Find the area of y=cute root of (2x), y=(1/8)x^2, 0 less than or equal to x less than or equal to 6
I assume you mean the area between the curves. In that case, there are two possibilities which you need to consider. If you want the algebraic area, it is just
∫[0,6] (2x)^(1/3) - 1/8 x^2 dx = 9 ((3/2)^(1/3) - 1) ≈ 1.3024
However, since the curves cross at x=4, if you want the geometric area, that would be
∫[0,4] (2x)^(1/3) - 1/8 x^2 dx + ∫[4,6] 1/8 x^2 - (2x)^(1/3) dx
when you figure out what you want, crank it out.
how did you you get 9 ((3/2)^(1/3) - 1) steve?
well, I evaluated the integral. It's the simple power rule, right?
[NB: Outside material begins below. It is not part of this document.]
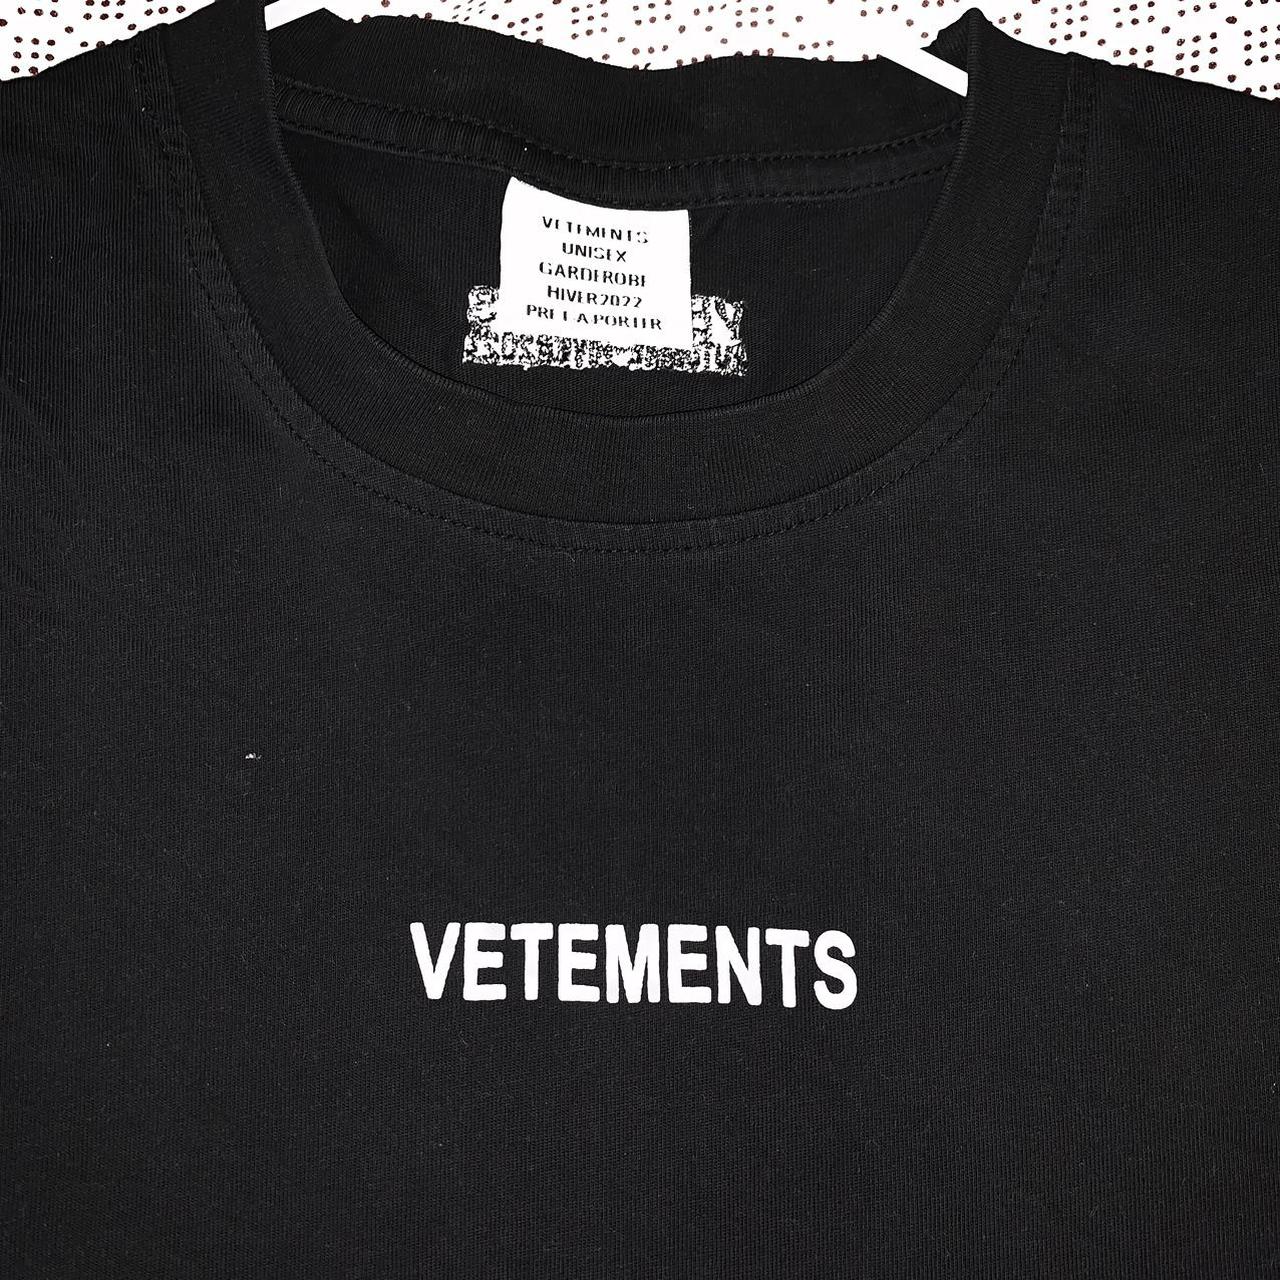 Vetements Men's Black and White T-shirt | Depop

∫[0,6] (2x)^(1/3) - 1/8 x^2 dx
Let u = 2x so du = 2 dx. Now you get
(1/2)(3/4)(2x)^(4/3) - (1/8)(1/3 x^3) = 3/8 (2x)^(4/3) - 1/24 x^3
evaluate at 6 and 0, to get
(3/8 (12)^(4/3) - 1/24 6^3)-(3/8 (0)^(4/3) - 1/24 0^3)
= 3/8 * 12 * ∛12 - 9
= 9/2 ∛12 - 9
= 9(1/2 ∛12 - 1)
= 9(∛(12/8) - 1)
= 9(∛(3/2) - 1)
To find the area between the two curves y = √(2x) and y = (1/8)x^2, we need to determine the points at which the curves intersect and then integrate the difference of the two functions over that interval.
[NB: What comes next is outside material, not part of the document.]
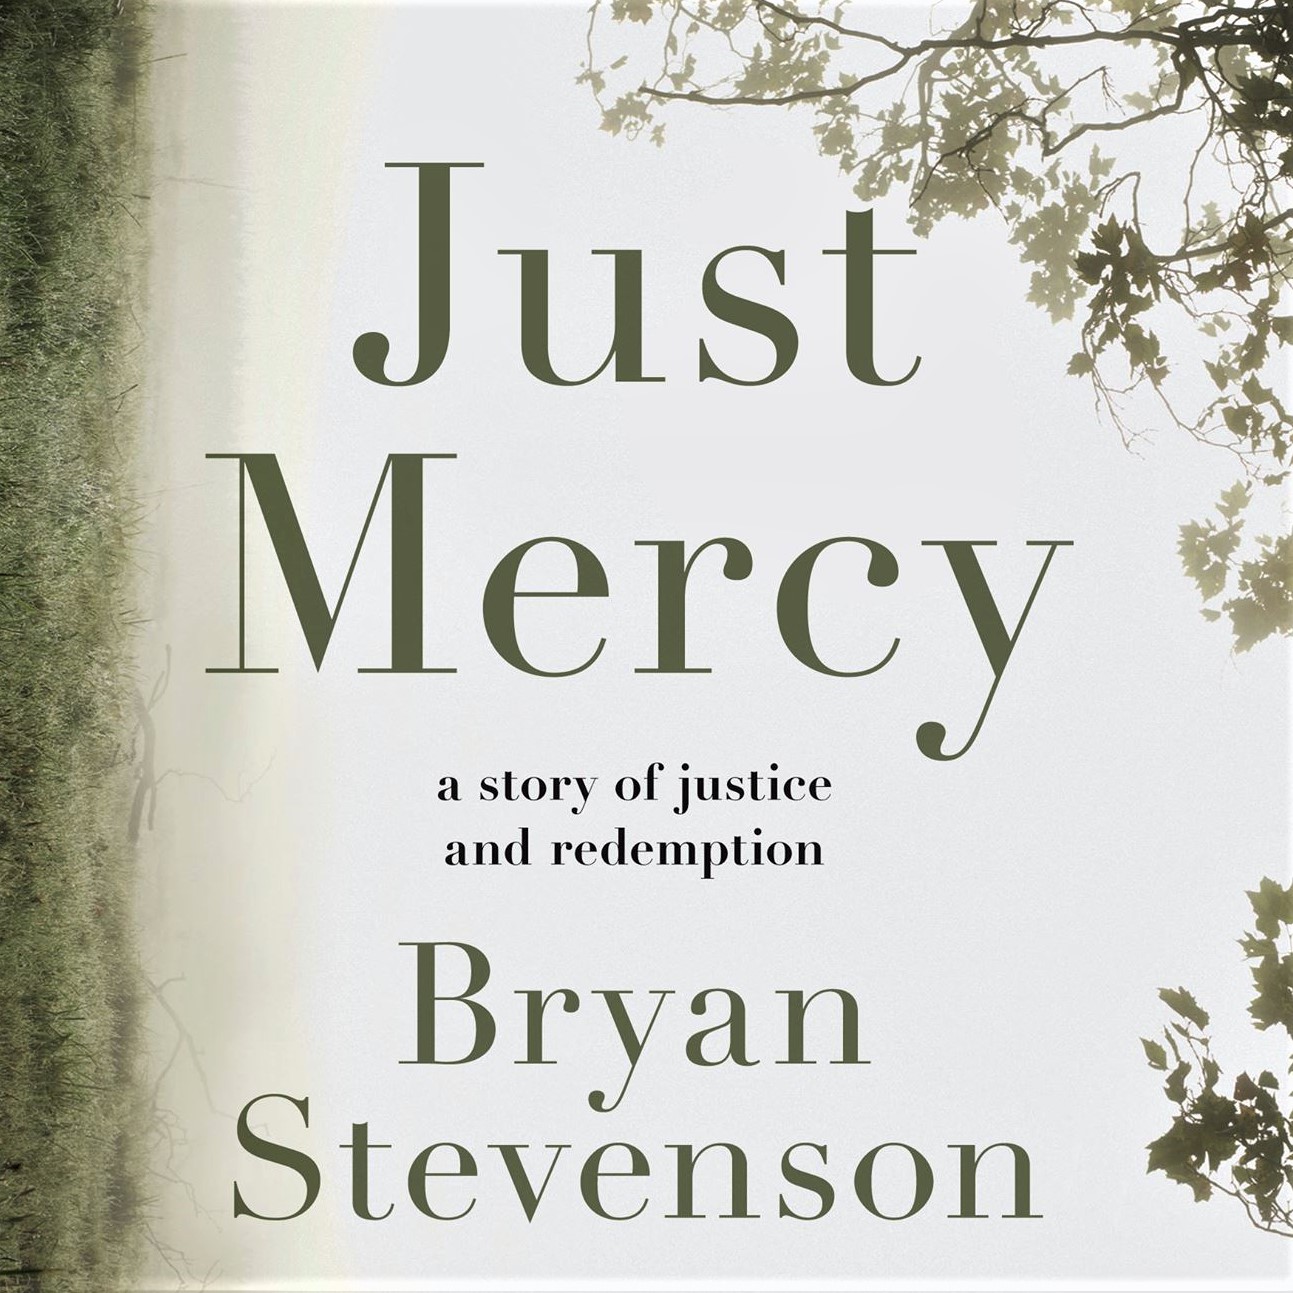 Cover image for Bryan Stevenson's 'Just Mercy'

Step 1: Find the points of intersection:
To find the points of intersection, we set the two equations equal to each other:
√(2x) = (1/8)x^2
Squaring both sides gives us:
2x = (1/64)x^4
Rearranging the equation, we get:
64x = x^4
This equation can be factored as:
x(x - 4)(x + 4)(x^2 + 16) = 0
Solving for x, we find that:
x = 0, x = 4, x = -4
Step 2: Determine the interval of integration:
Since the given interval is 0 ≤ x ≤ 6, we need to find the appropriate limits of integration. In this case, the limits will be at the points of intersection -4 and 4.
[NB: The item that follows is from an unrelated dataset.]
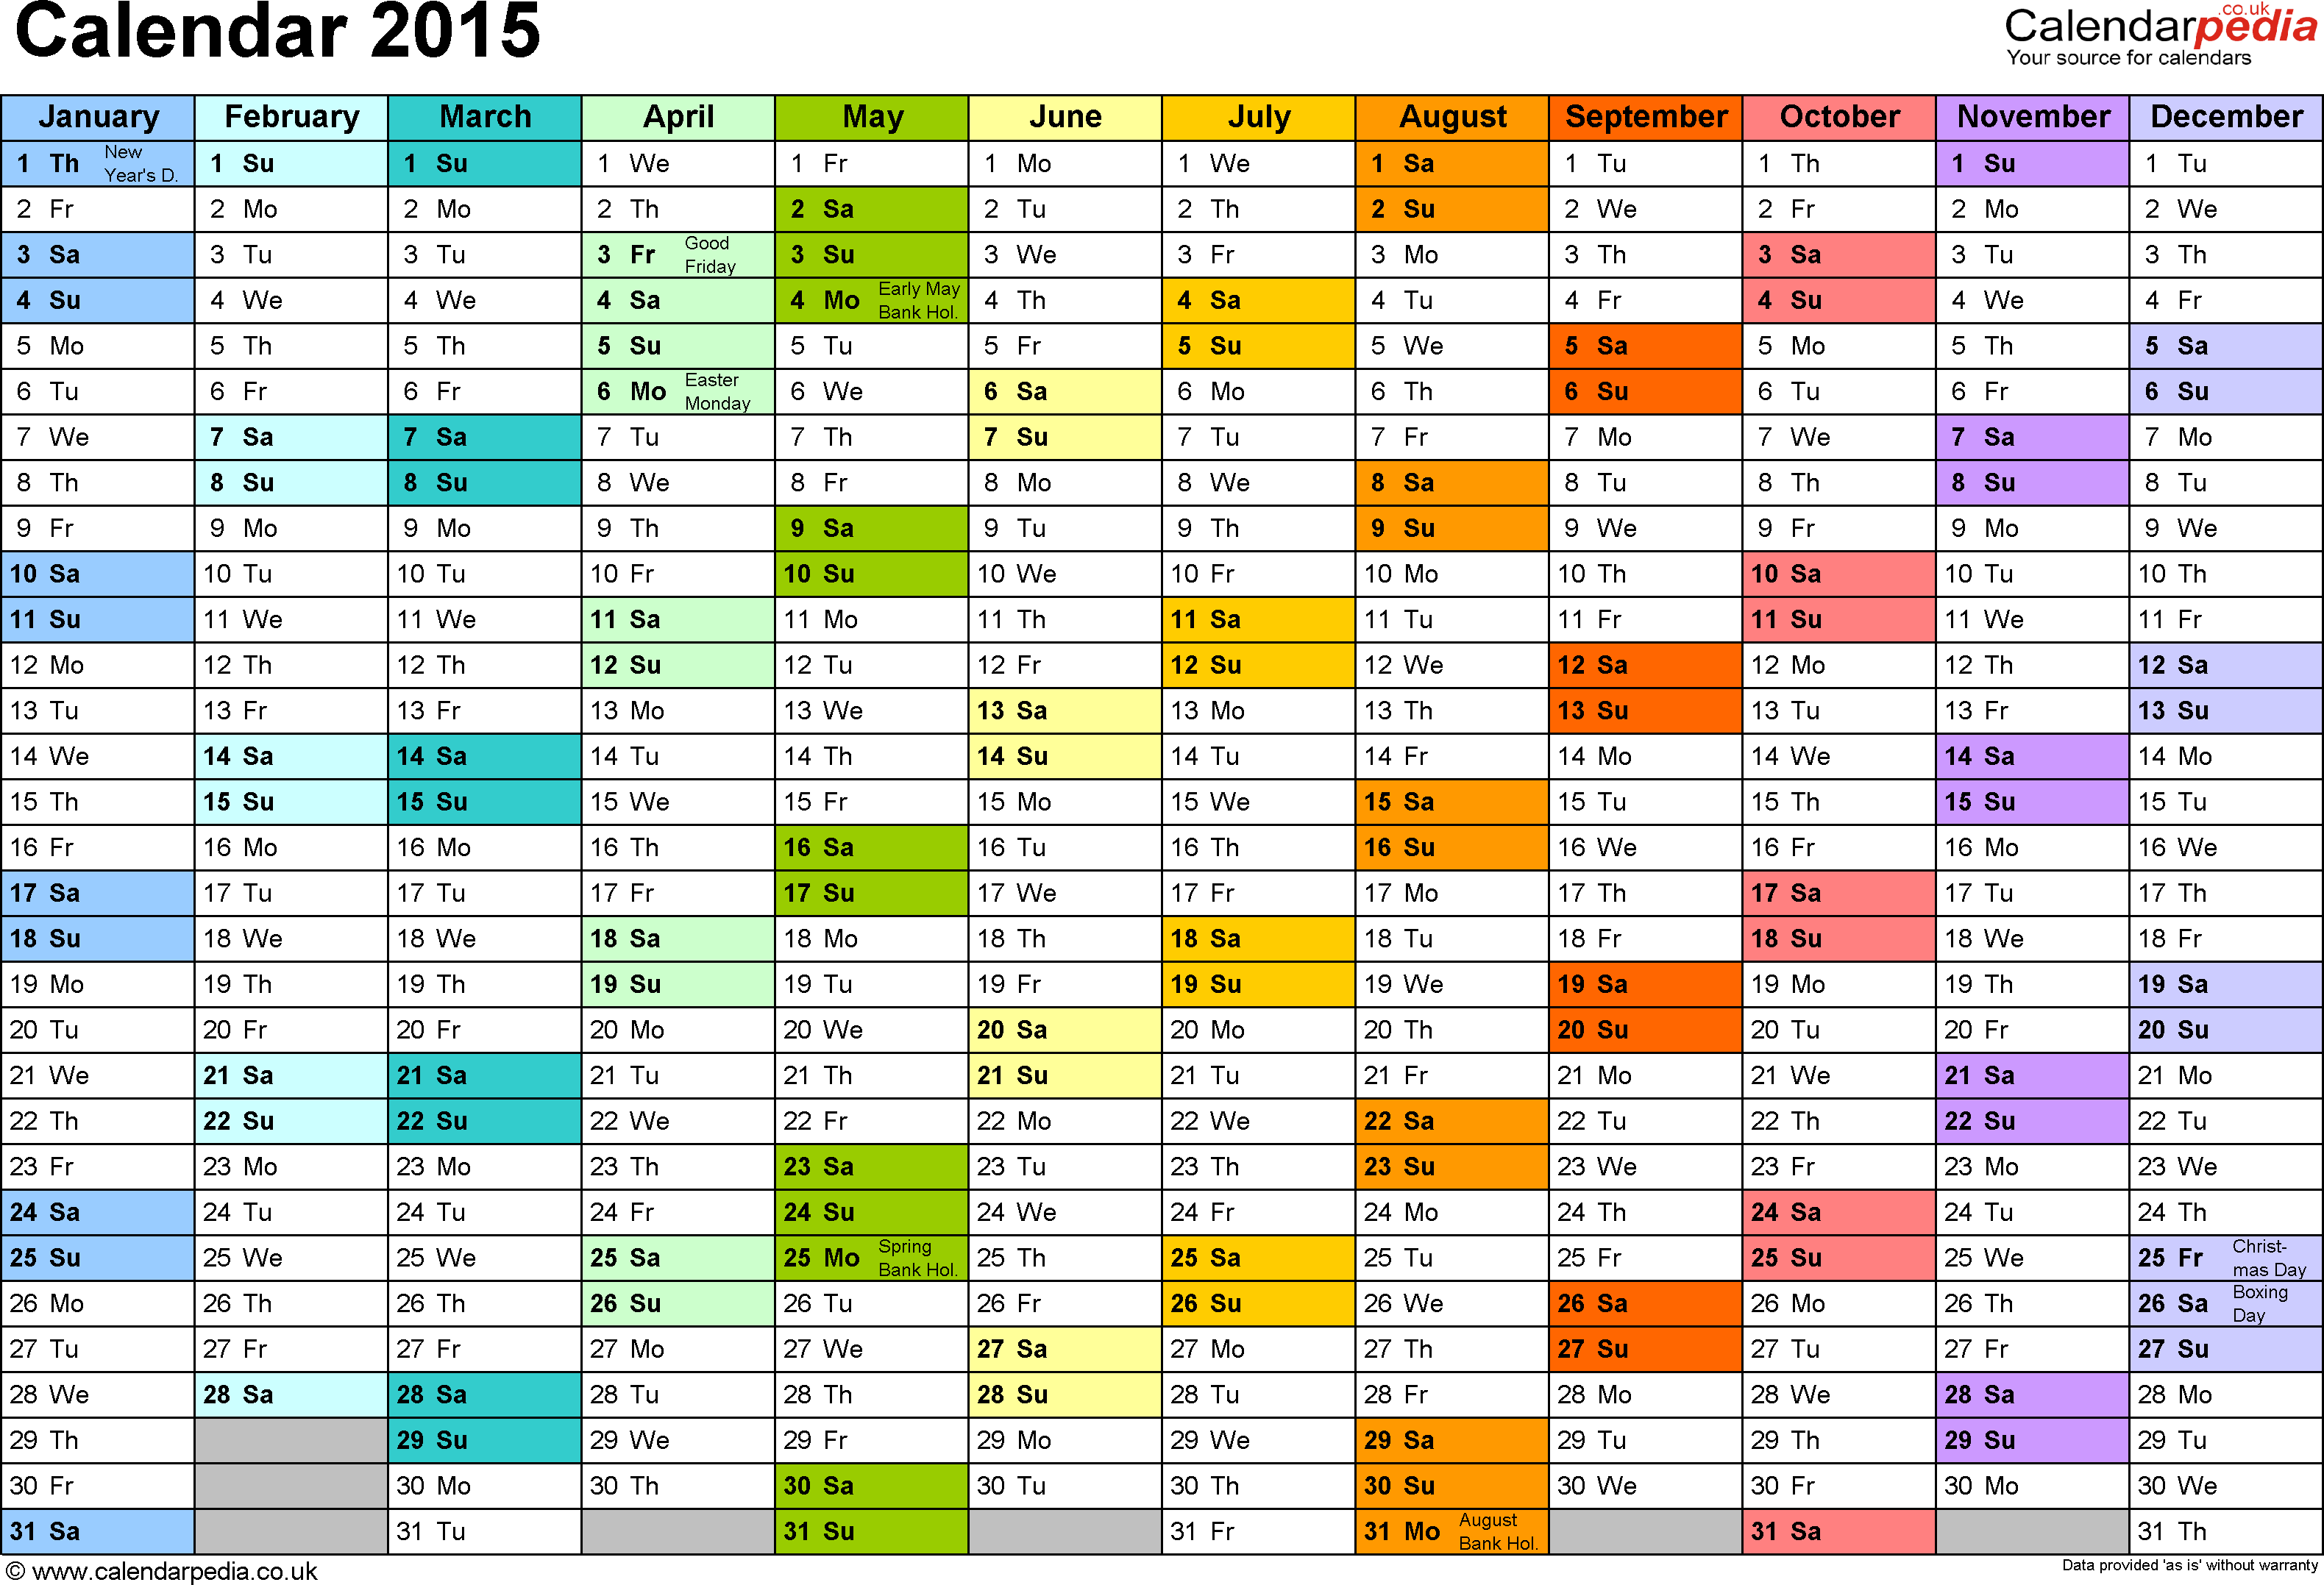 Weekly Year Calendar Year 2015 Calendar Monthly Pbzlqv

Step 3: Set up the integral:
To calculate the area between the two curves, we integrate the difference between them. Since the curve y = √(2x) is above y = (1/8)x^2 in the given interval, the integral will be:
∫ [√(2x) - (1/8)x^2] dx, from -4 to 4
Step 4: Evaluate the integral:
Integrating the given function, we get:
∫ [√(2x) - (1/8)x^2] dx = [2/3 (2x)^(3/2) - (1/24)x^3] from -4 to 4
Substituting the limits of integration, we have:
[2/3 (2(4))^(3/2) - (1/24)(4)^3] - [2/3 (2(-4))^(3/2) - (1/24)(-4)^3]
Simplifying further, we get:
[2/3 (8)^(3/2) - (1/24)(64)] - [2/3 (8)^(3/2) - (1/24)(-64)]
Now, calculate the values within the square brackets and subtract them to find the area between the curves.
Note: It is recommended to use a calculator or any computational tool to evaluate the exact numerical value of the integral.